#### PROBLEM TO WORK ON:
The answer must reproduce all of the data below exactly and contain no images.

#### DATASET CONTENT:
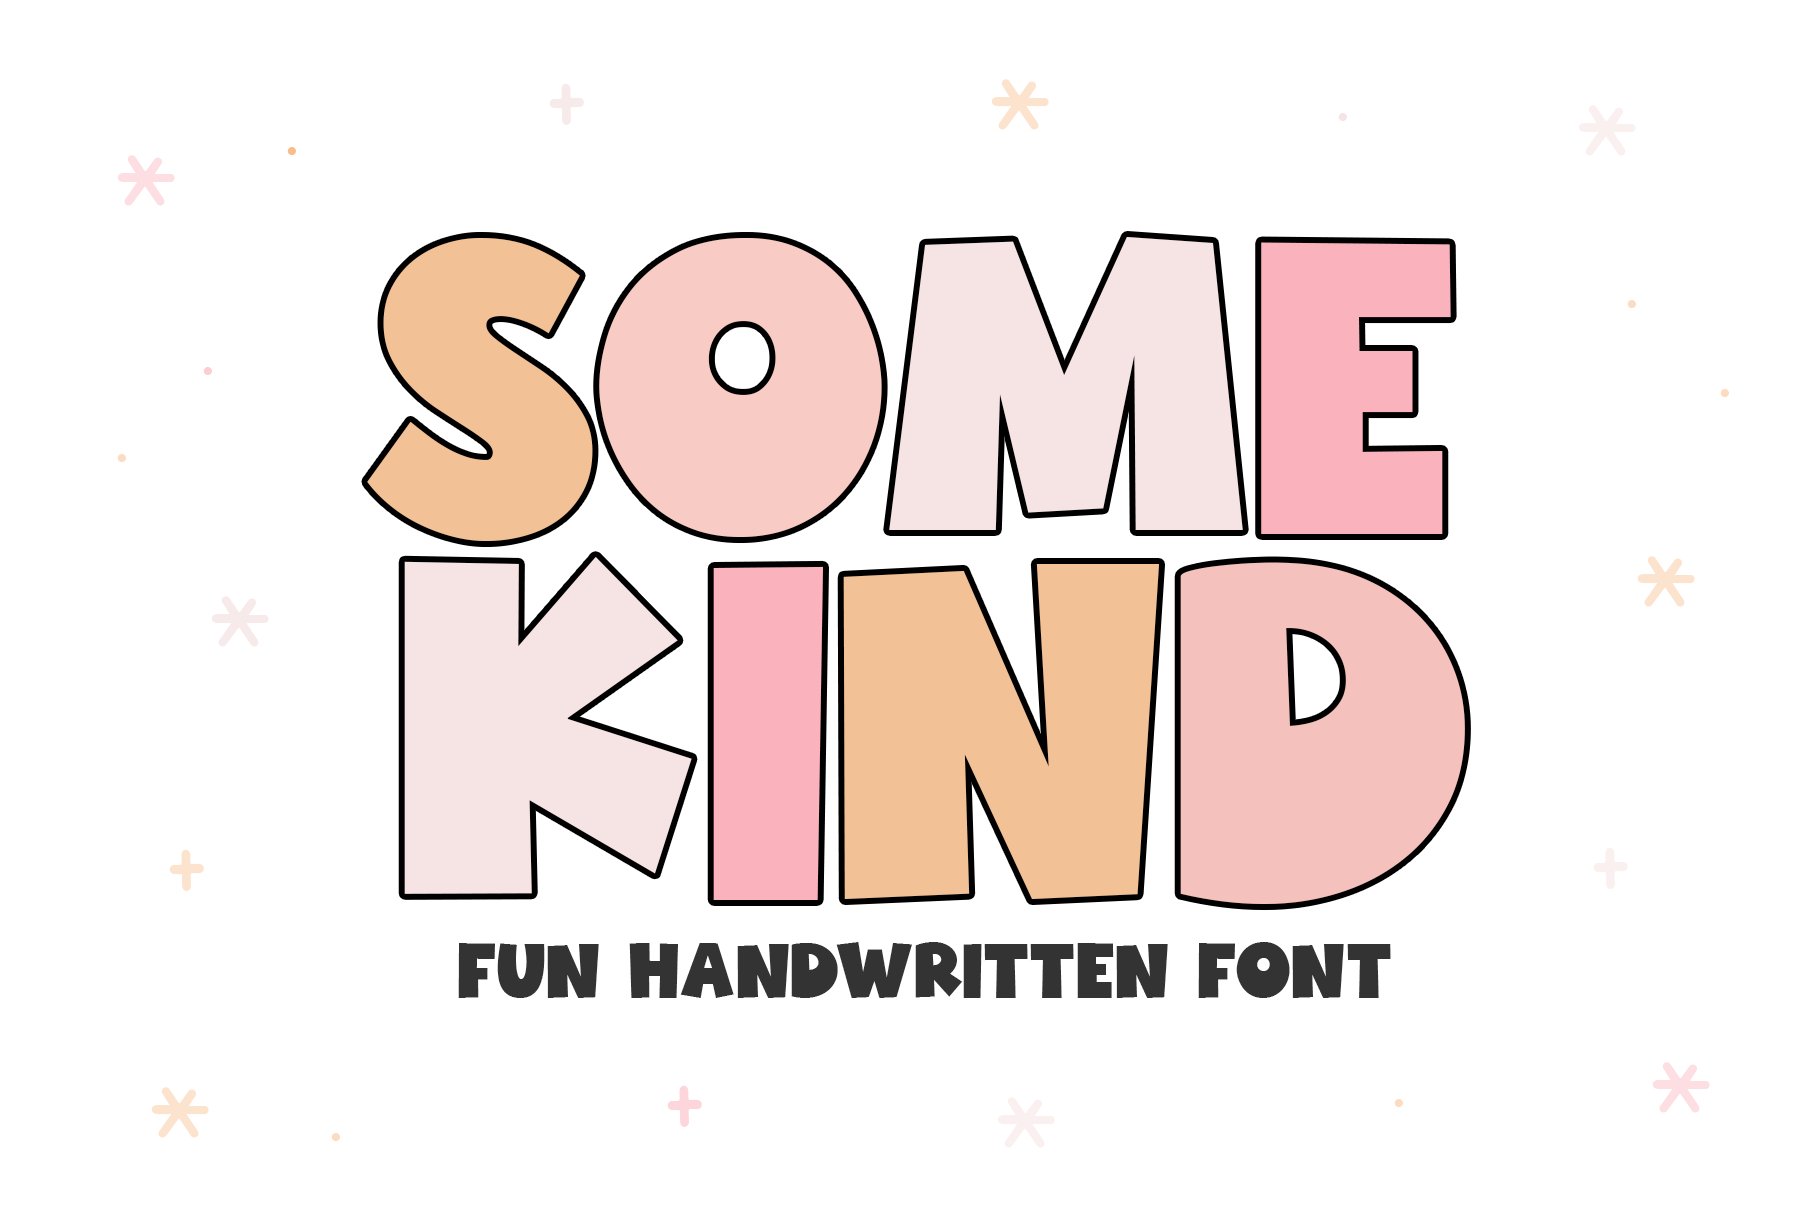 Somekind | Fun Handwritten Font cover image.
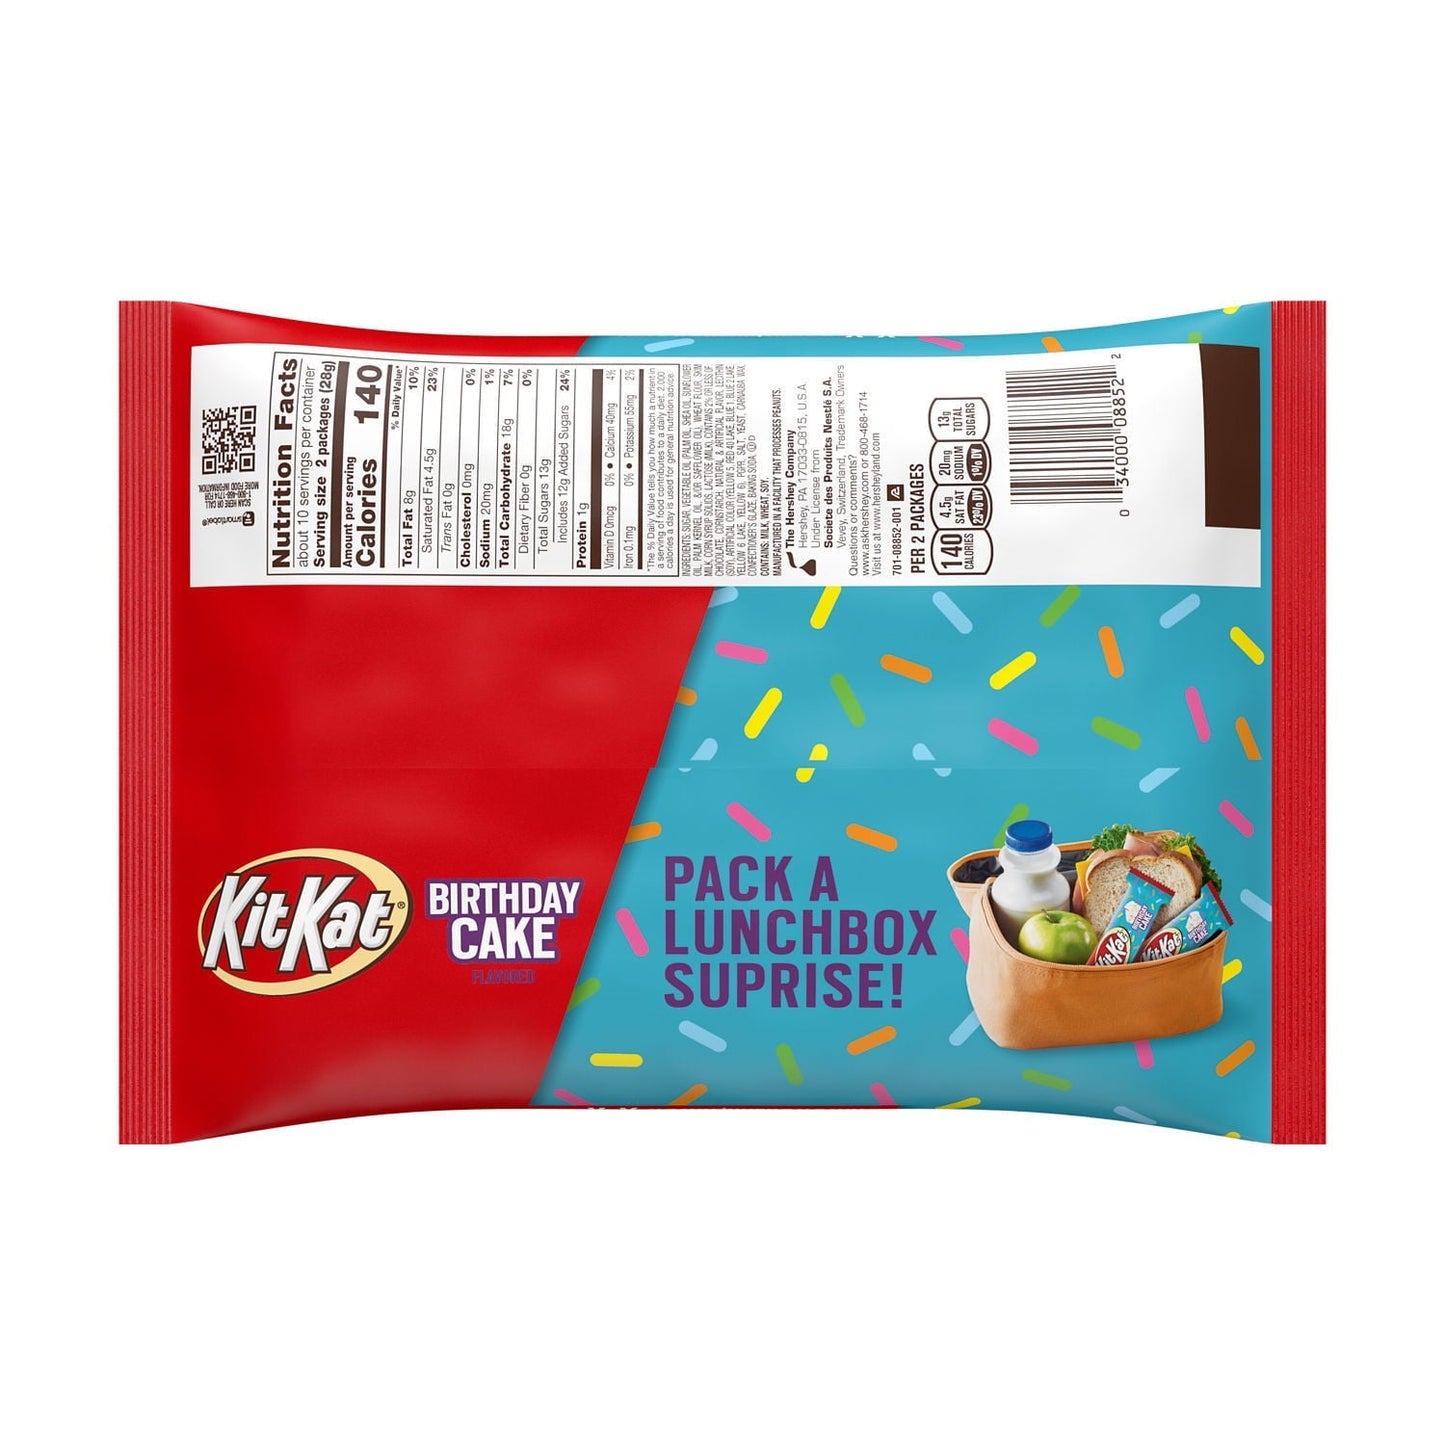 Kit Kat® Birthday Cake Flavored Wafer Snack Size Candy, Bag 10.29 oz
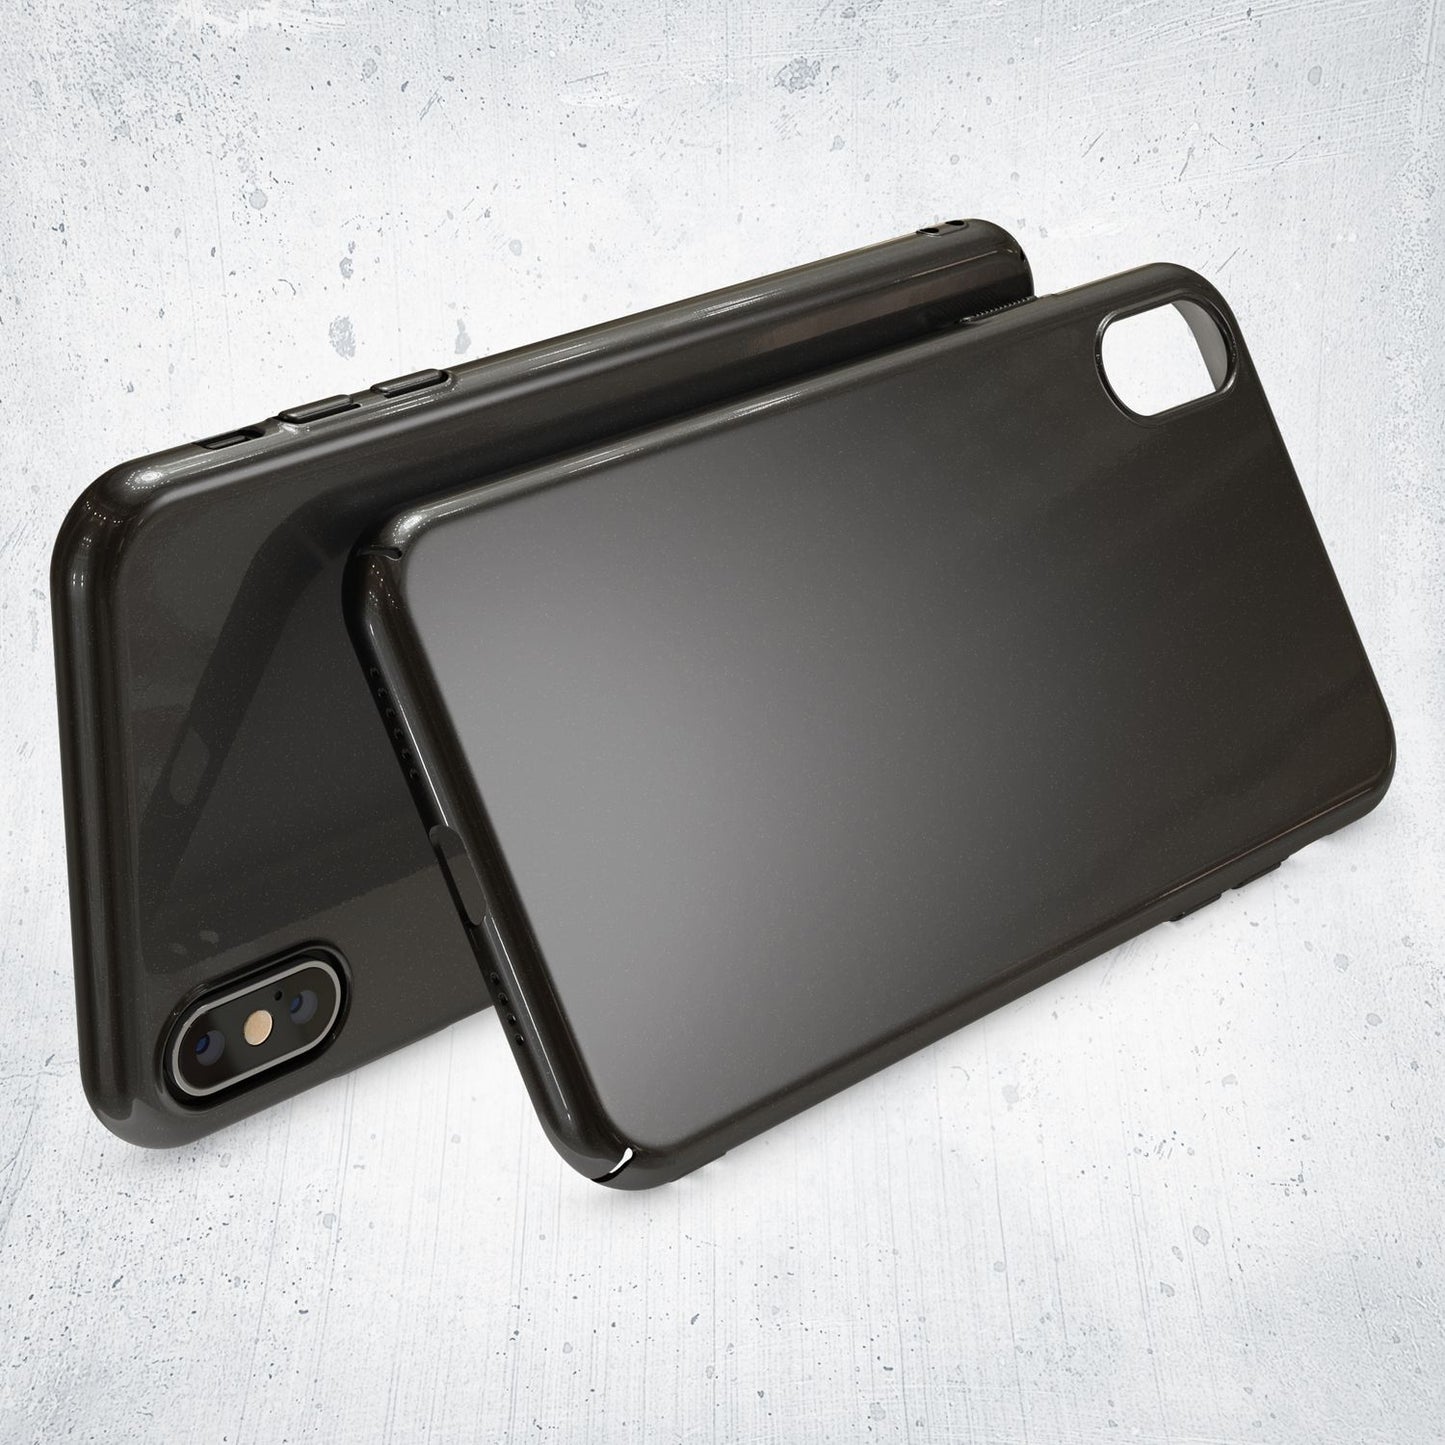 NALIA Handy Hülle für iPhone XS Max, Dünnes Hard Case Cover Etui Bumper Schutz
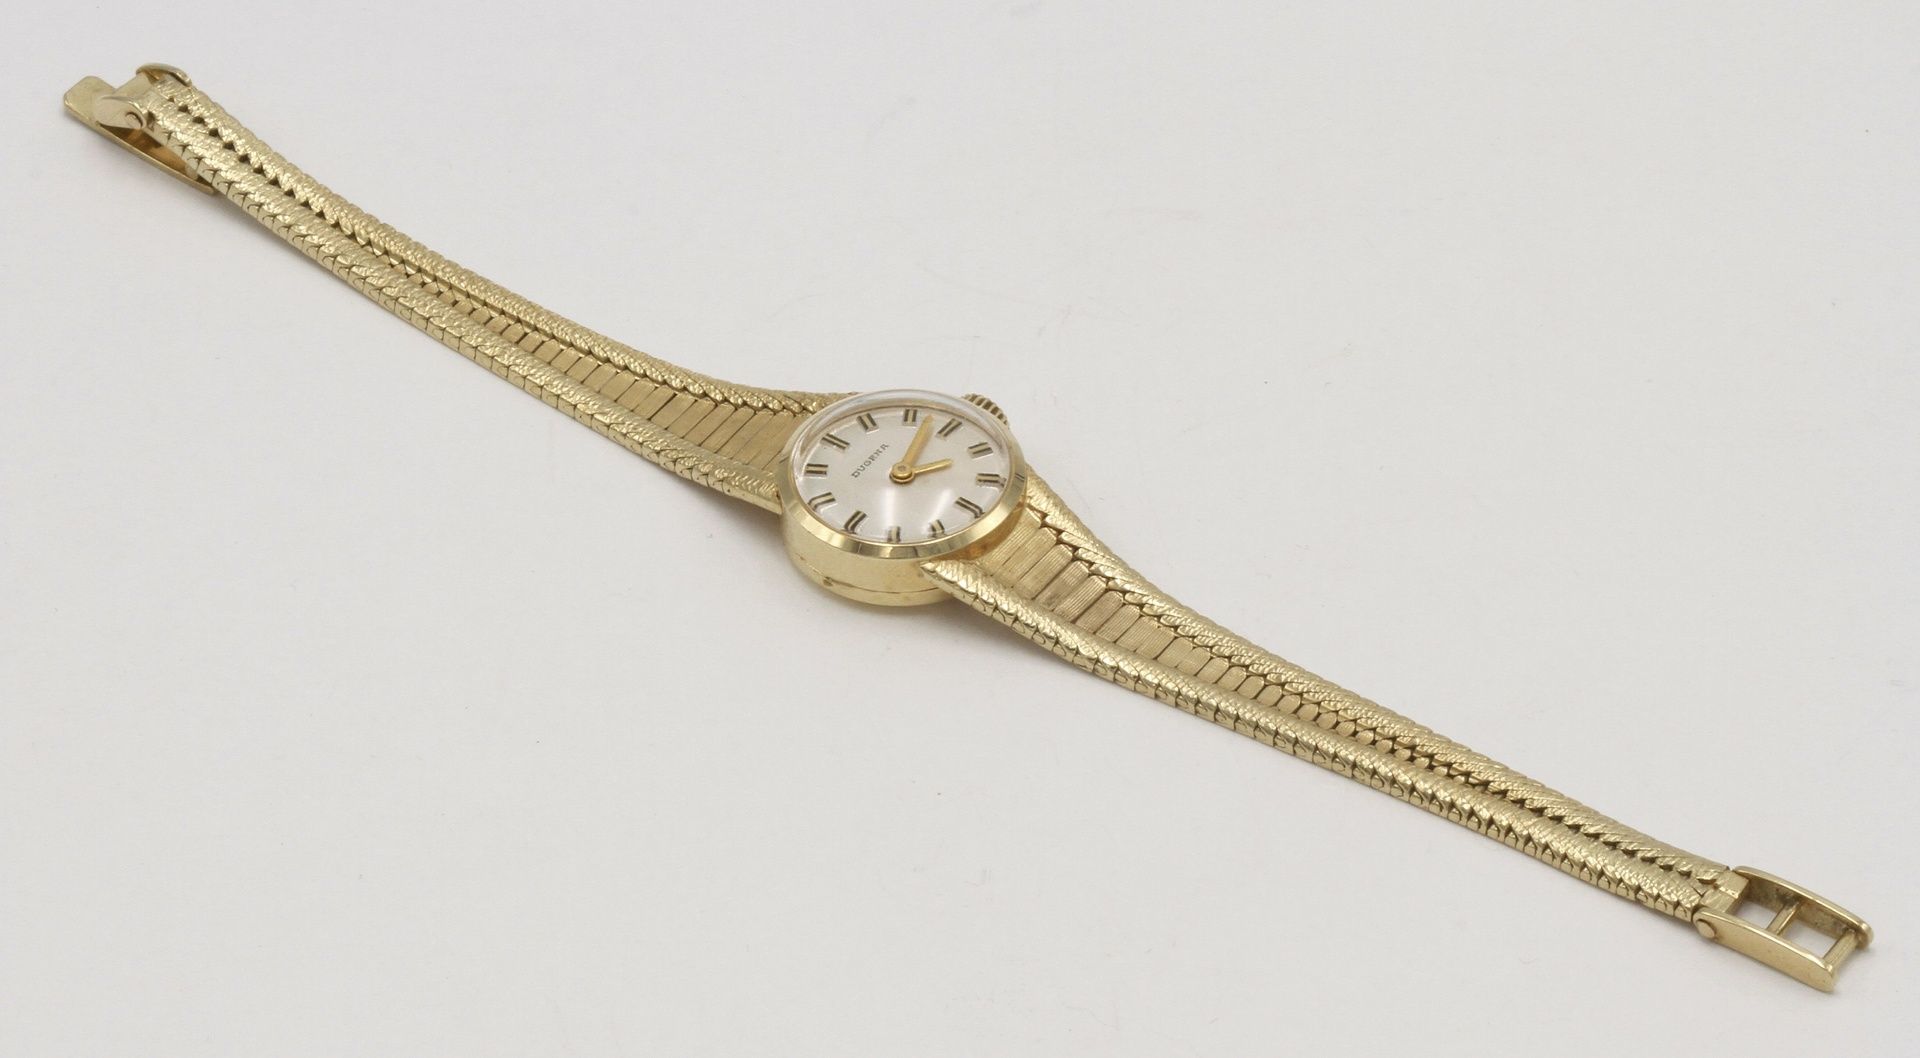 Dugena DamenarmbanduhrArmband und Gehäuse 585/- Gelbgold, 17 Juwelen, Dugena 2130 Uhrwerk - Image 4 of 4

#### RESULT:
 Somekind | Fun Handwritten Font cover image.
 Kit Kat® Birthday Cake Flavored Wafer Snack Size Candy, Bag 10.29 oz
 NALIA Handy Hülle für iPhone XS Max, Dünnes Hard Case Cover Etui Bumper Schutz
 Dugena DamenarmbanduhrArmband und Gehäuse 585/- Gelbgold, 17 Juwelen, Dugena 2130 Uhrwerk - Image 4 of 4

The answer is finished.